NOTE: The container image referenced in the deployment manifest may not be the latest version or the highest-performing build available at the time you view it. The latest vLLM image can be found in the “Getting Started” section of our Instinct Performance Validation Documentation Page

Define the service.yaml

apiVersion: v1
kind: Service
metadata:
name: mistral-7b
namespace: default
spec:
ports:
- name: http-mistral-7b
    port: 80
    protocol: TCP
    targetPort: 8000
# The label selector should match the deployment labels & it is useful for prefix caching feature
selector:
    app: mistral-7b
sessionAffinity: None
type: ClusterIP

Launch the pods#

Next, let’s enable the vLLM inference service using K8s.

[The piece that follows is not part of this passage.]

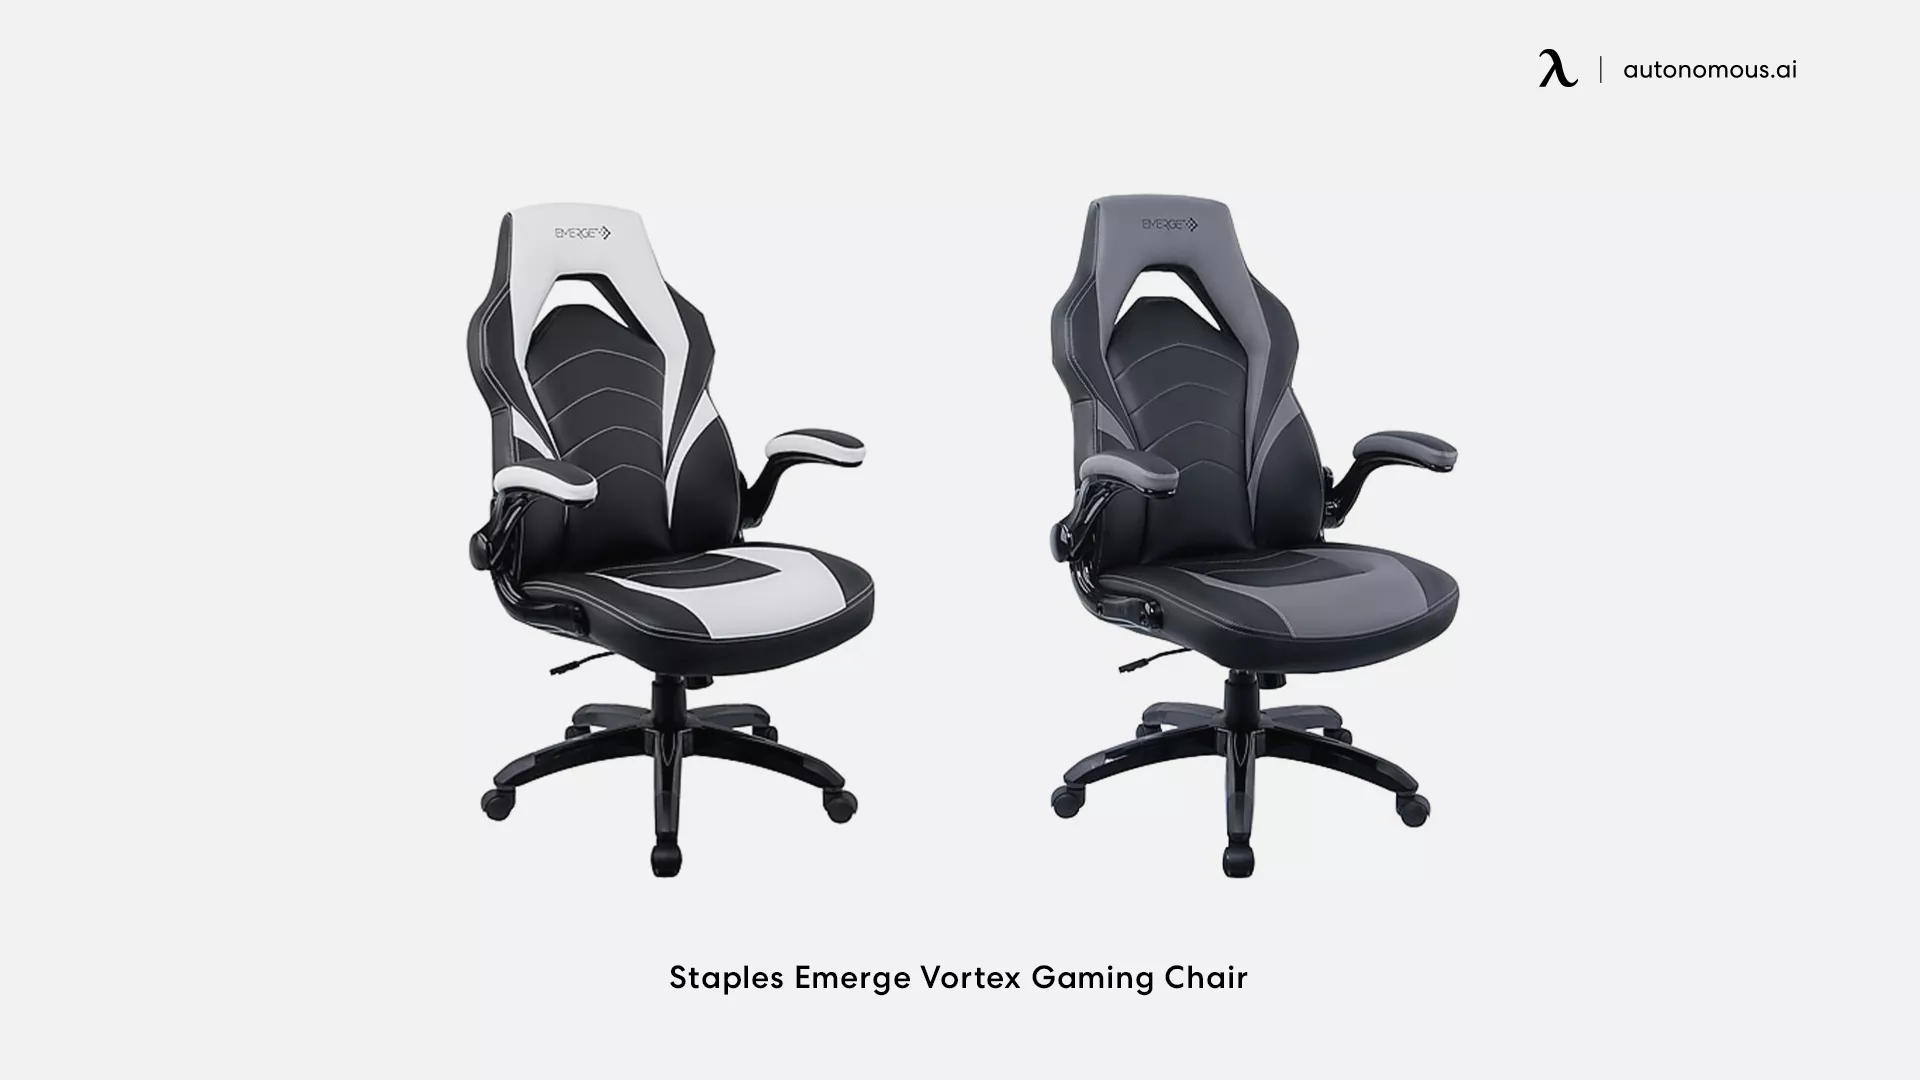 Staples Emerge Vortex Gaming Chair

kubectl apply -f hf_token.yaml  # Apply the Hugging Face token configuration to allow model downloading
kubectl apply -f deployment.yaml # Deploy the application by creating pods as defined in the deployment manifest
kubectl apply -f service.yaml    # Expose the deployed application as a service for vLLM inference requests 

Test the service#

Get the Service IP by

kubectl get svc

The mistral-7b is the service name. We can access the vllm serve by the CLUSTER-IP and PORT of it like,

Get models by (please use the real CLUSTER-IP of your environment)

curl http://<CLUSTER-IP>:80/v1/models

Do request

curl http://<CLUSTER-IP>:80/v1/completions   -H "Content-Type: application/json"   -d '{
        "model": "mistralai/Mistral-7B-v0.3",
        "prompt": "San Francisco is a",
        "max_tokens": 7,
        "temperature": 0
      }'

You may get response from the K8s vLLM inference service we setup above for your prompt question, “San Francisco is a” from the terminal like that,

 {"id":"cmpl-ede35e4d7f654d70a8a18e8560052251","object":"text_completion","created":1738647037,"model":"mistralai/Mistral-7B-v0.3","choices":[{"index":0,"text":" city that is known for its diversity","logprobs":null,"finish_reason":"length","stop_reason":null,"prompt_logprobs":null}],"usage":{"prompt_tokens":5,"total_tokens":12,"completion_tokens":7,"prompt_tokens_details":null}}

Summary#

In this blog, we’ve shown you step-by-step how to deploy and verify the vLLM service using Kubernetes (K8s) on AMD Instinct™ accelerators. With this foundation in place, you’re now ready to begin integrating vLLM into your real-world AI applications. While the AMD K8s device plugin used in this tutorial is simple and great for single node or small Kubernetes implementations, for larger Kubernetes deployments please consider using the AMD GPU Operator which allows for automated installation of the K8s device plugin, node labeller, and AMD GPU device drivers on all your nodes without having to install them on each node manually. It also provides many other benefits such as GPU metrics reporting.

You may explore more examples of using K8s on AMD GPU:

Multinode Fine-Tuning of Stable Diffusion XL on AMD GPUs with Hugging Face Accelerate and OCI’s Kubernetes Engine (OKE)

Disclaimers#

Third-party content is licensed to you directly by the third party that owns the content and is not licensed to you by AMD. ALL LINKED THIRD-PARTY CONTENT IS PROVIDED “AS IS” WITHOUT A WARRANTY OF ANY KIND. USE OF SUCH THIRD-PARTY CONTENT IS DONE AT YOUR SOLE DISCRETION AND UNDER NO CIRCUMSTANCES WILL AMD BE LIABLE TO YOU FOR ANY THIRD-PARTY CONTENT. YOU ASSUME ALL RISK AND ARE SOLELY RESPONSIBLE FOR ANY DAMAGES THAT MAY ARISE FROM YOUR USE OF THIRD-PARTY CONTENT.